VWAP Strategy Will Blow Your Mind!

Futures Fanatic
Futures FanaticMar 14, 2026

Why It Matters

Ensuring sufficient ATR range before using VWAP bands safeguards against false signals, enhancing trade consistency and risk management for index traders.

Key Takeaways

  • Verify sufficient ATR range before applying VWAP band strategy.
  • Use 60‑80% ATR range as minimum trading window.
  • Enter short position near 48,880 level with 128‑point target.
  • Set stop loss around 9,920 based on one‑to‑one risk‑reward.
  • Avoid cherry‑picking; trade blind when range criteria are met.

Summary

The video walks viewers through a VWAP‑based trading plan, emphasizing that traders must first confirm the market has enough volatility—typically 60‑80% of the Average True Range (ATR)—before deploying any band‑fade strategy.

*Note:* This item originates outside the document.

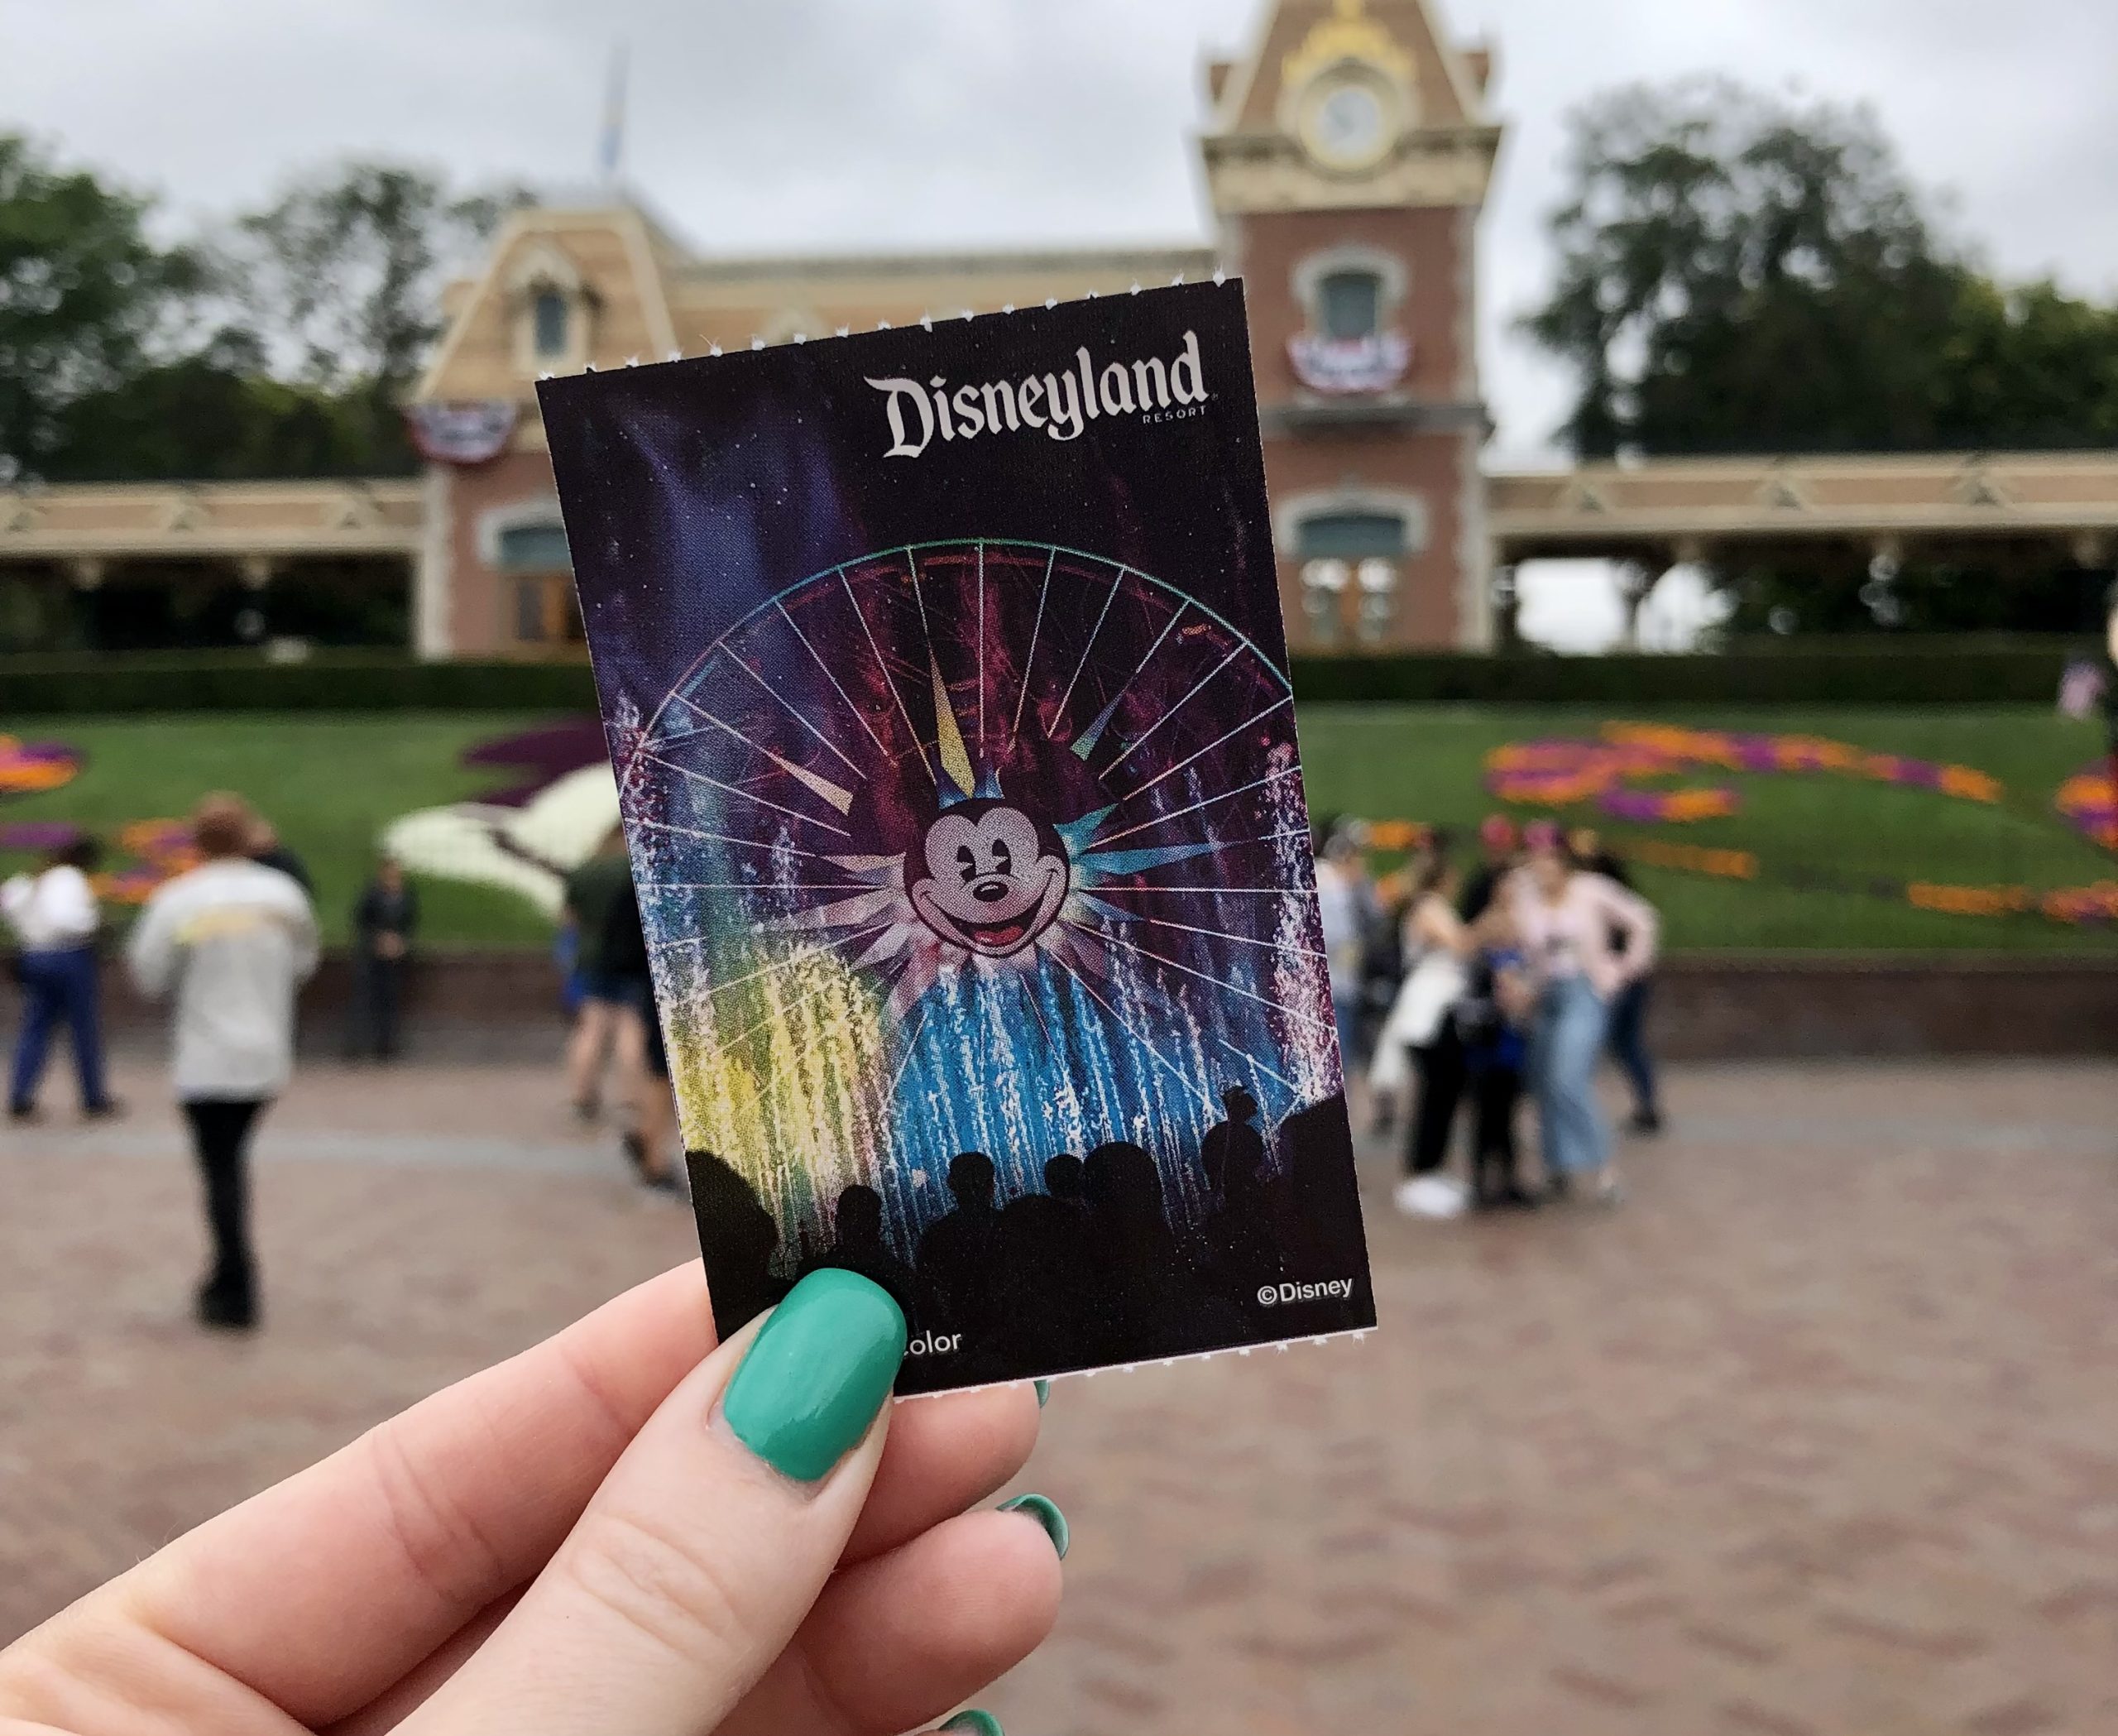 Disneyland Updates Ticket Sales and Reservation Process - Food at Disneyland

Using the Dow Jones as an example, the presenter notes the current ATR sits near 784 points, comfortably exceeding the six‑hundred‑point threshold needed for a viable trade. He then illustrates a short entry around the 48,880 level, labeling the initial move as “1L” (line‑to‑line) and targeting a 128‑point profit target. The stop is placed roughly 9,920 points away, reflecting a one‑to‑one risk‑reward ratio, and the speaker stresses that this stop would have been respected even if the trade failed. Key remarks include the rhetorical “do I have enough range?” and the insistence on avoiding cherry‑picking by trading “blind” once the range condition is met. The presenter also clarifies terminology such as “1L” and the importance of aligning targets with market movement rather than static price levels. For traders, the takeaway is a disciplined framework: confirm ATR‑derived range, enter with clear entry/exit points, and maintain strict risk controls. Applying this method can improve consistency in VWAP‑driven strategies, especially in high‑volatility indices like the Dow Jones.